The B-52 (aka Stratofortress, aka Grey Lady, aka BUFF) has a minuscule rudder for an aircraft of its size and wing-mounted engine placement:
Compare to, for instance, the rudder on a 747:
The B-52’s rudder is so small that it can’t be used to decrab the aircraft during a crosswind landing, meaning that it had to be designed to stay crabbed throughout the landing roll, forcing the designers to use a fully-steerable dual-bicycle landing gear layout (plus wingtip outrigger gears that are there solely to keep it from tipping over) instead of the conventional tricycle arrangement.

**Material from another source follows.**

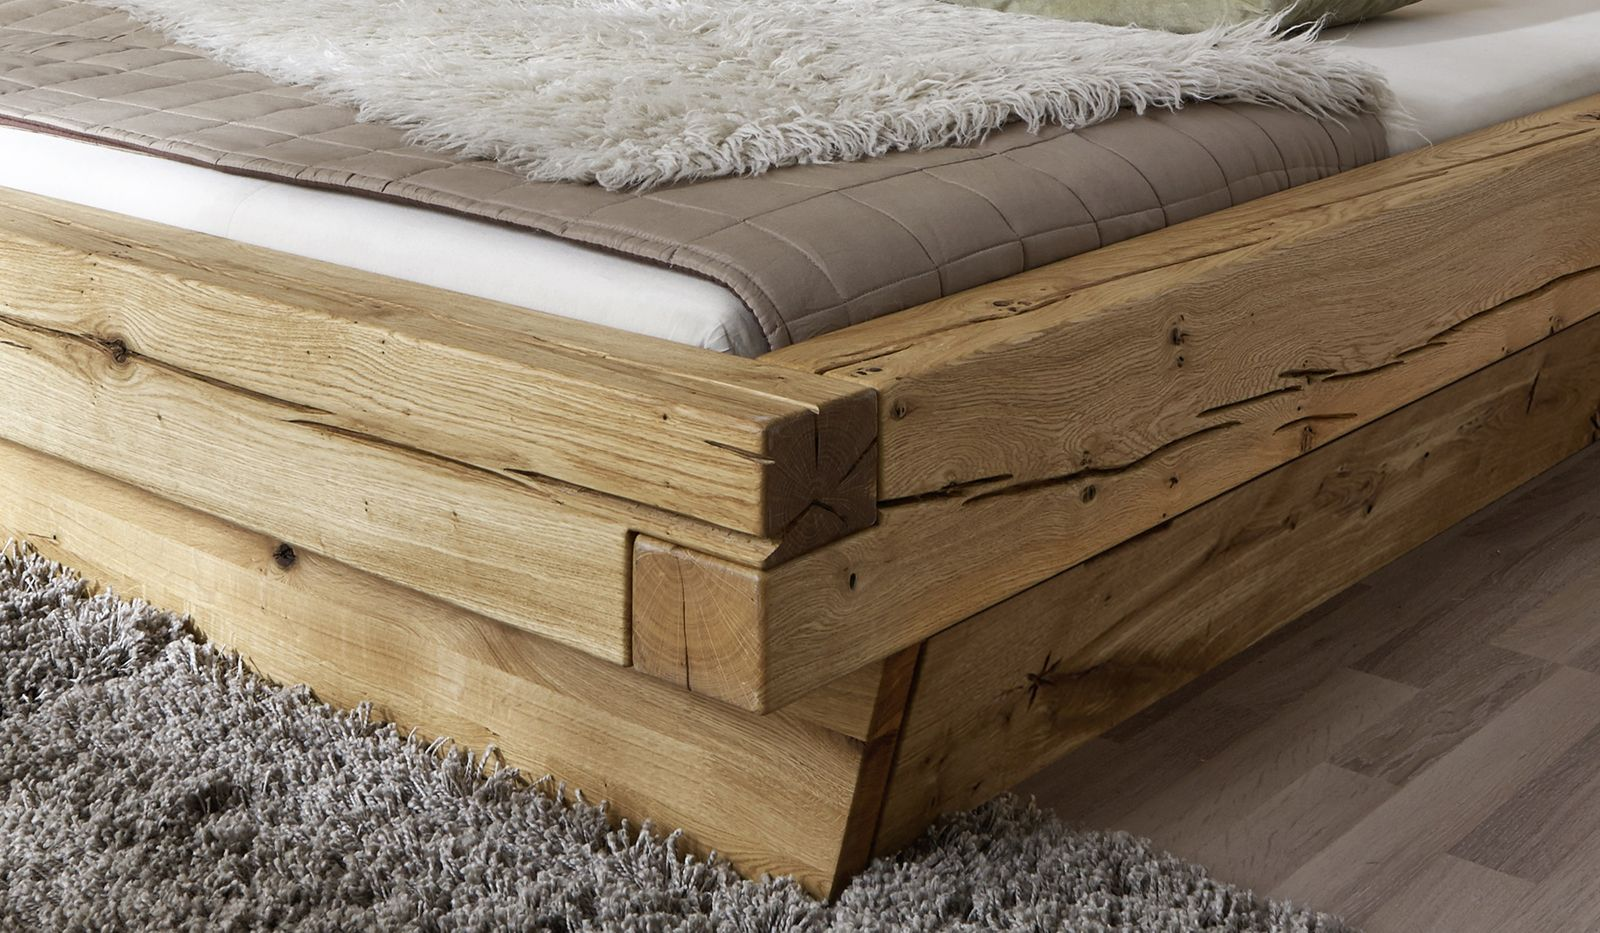 Bettkasten Holz ~ Sam® balkenbett jakob mit schubkästen massiv 200x200 cm demnächst

Why, then, did the B-52’s designers give it such a small rudder? One could argue that, because it has four engines on each side, rather than one or two or three, it doesn’t need a large rudder, because the thrust differential (and, thus, yawing moment) in the event of an engine failure would be minimal). However, if you look more closely, that argument doesn’t hold up, because the B-52’s eight engines are mounted in conjoined pods, two engines per pylon, which virtually guarantees that an engine failure will also take out the engine right next to it;1 thus, one would expect that the design case for the B-52’s rudder would be a double engine failure of both engines on one pylon, rather than the improbable case of one engine failing and somehow managing to leave the one next to it completely intact. So why isn’t the B-52’s rudder bigger?
1: For instance, the danger of cascading engine failures is one of the main reasons why no airliner designed after 1960 has ever used conjoined engine pods.